IMO parted is reliable, and not hard to use. Definately RTM first though.  Depending on how much stuff is in /home you might be able to shrink it enough to move it around.   IIRC you can move an ext3 partition with parted as long as the destinition doesn't overlap the source. IOW you cant just slide a 7gig partition over 2 gigs, you have to move it at least 7gig in either direction.

----------

## crimson

Are there any Linux programs besides parted that can resize ext3 partitions?  Unfortunately parted can't move the beginning of ext2/3 partitions so, I can't make my root filesystem any bigger since it's at the very end of the hard drive.  I do have partition magic, and regardless of what people say it is an excellent program and I"ve never had trouble with it, but I like to do things the Linux way even if it is a little harder and dangerous sometimes.

----------

## PowerFactor

 *crimson wrote:*   

> Are there any Linux programs besides parted that can resize ext3 partitions?  Unfortunately parted can't move the beginning of ext2/3 partitions so, I can't make my root filesystem any bigger since it's at the very end of the hard drive. 
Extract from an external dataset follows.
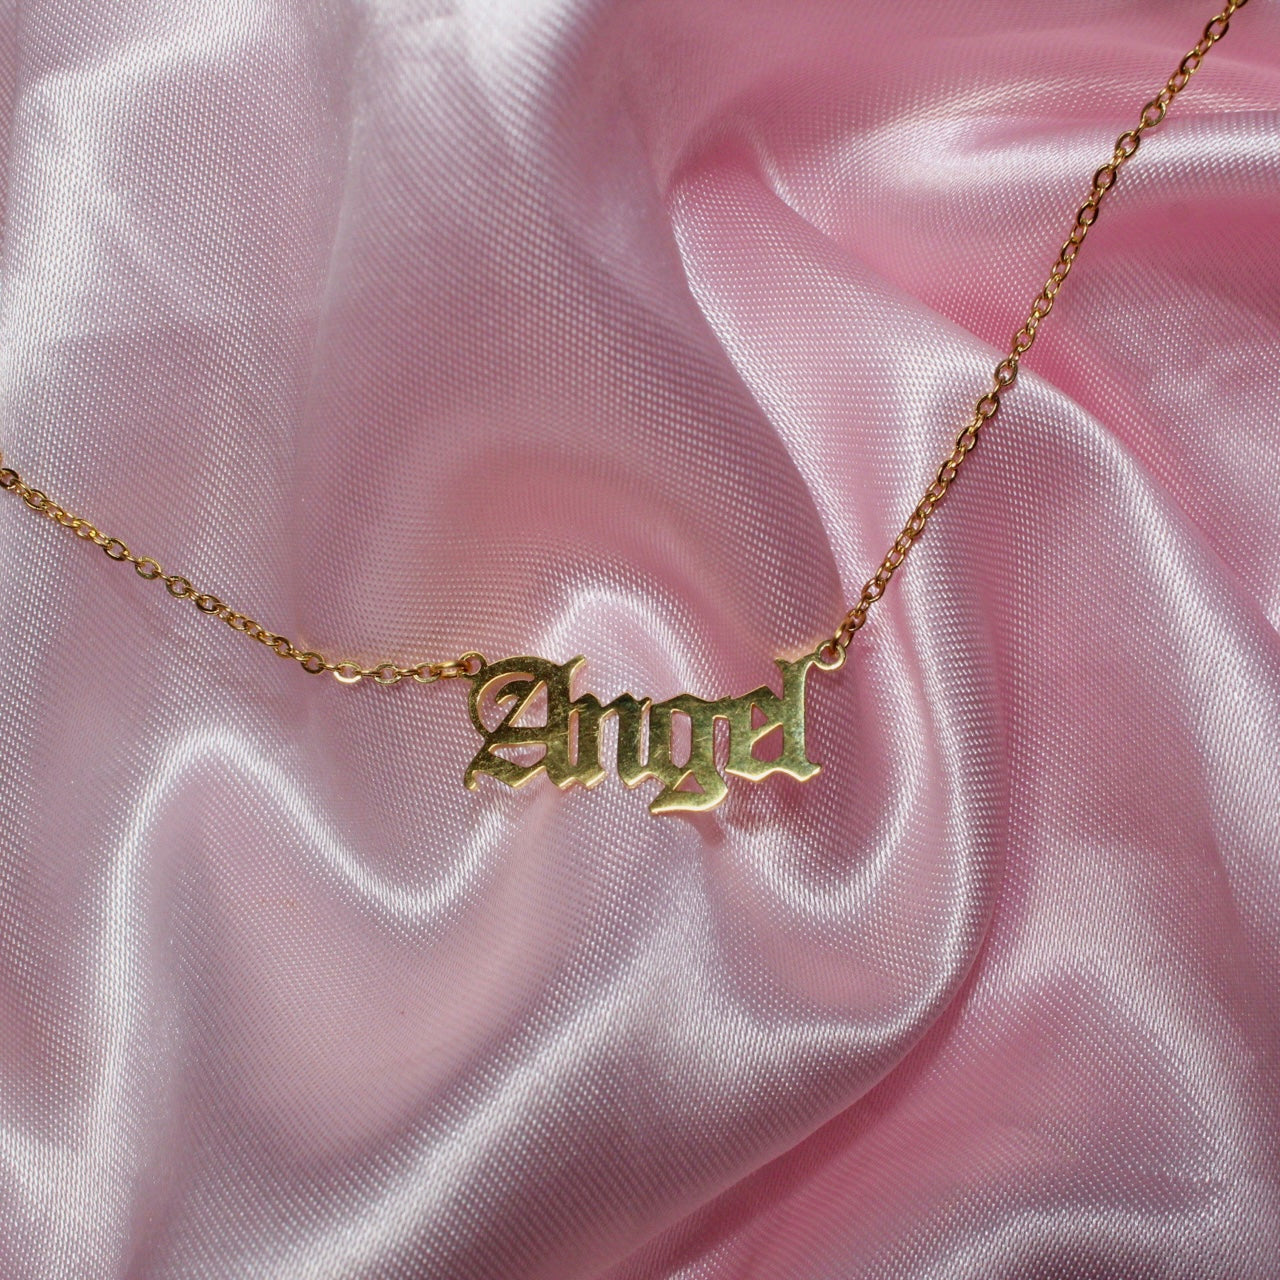 Angel 18k Gold Necklace - Muna Jewelz

 Well, the only way I know of is with fdisk + dd + resize2fs.  But I've never tried that combination to move the beginning of the partition so I don't know if that would work.  In theory I think it could. Anybody done that?

As far as other all in one partition resizers I think parted is pretty much it for linux.  I could very well be wrong about that though.

----------

## Calbar

take a look at qtparted !!! it's a qt-based app that use both ntfsprogs and parted --> resizing of NTFS.

qtparted.sourceforge.net

----------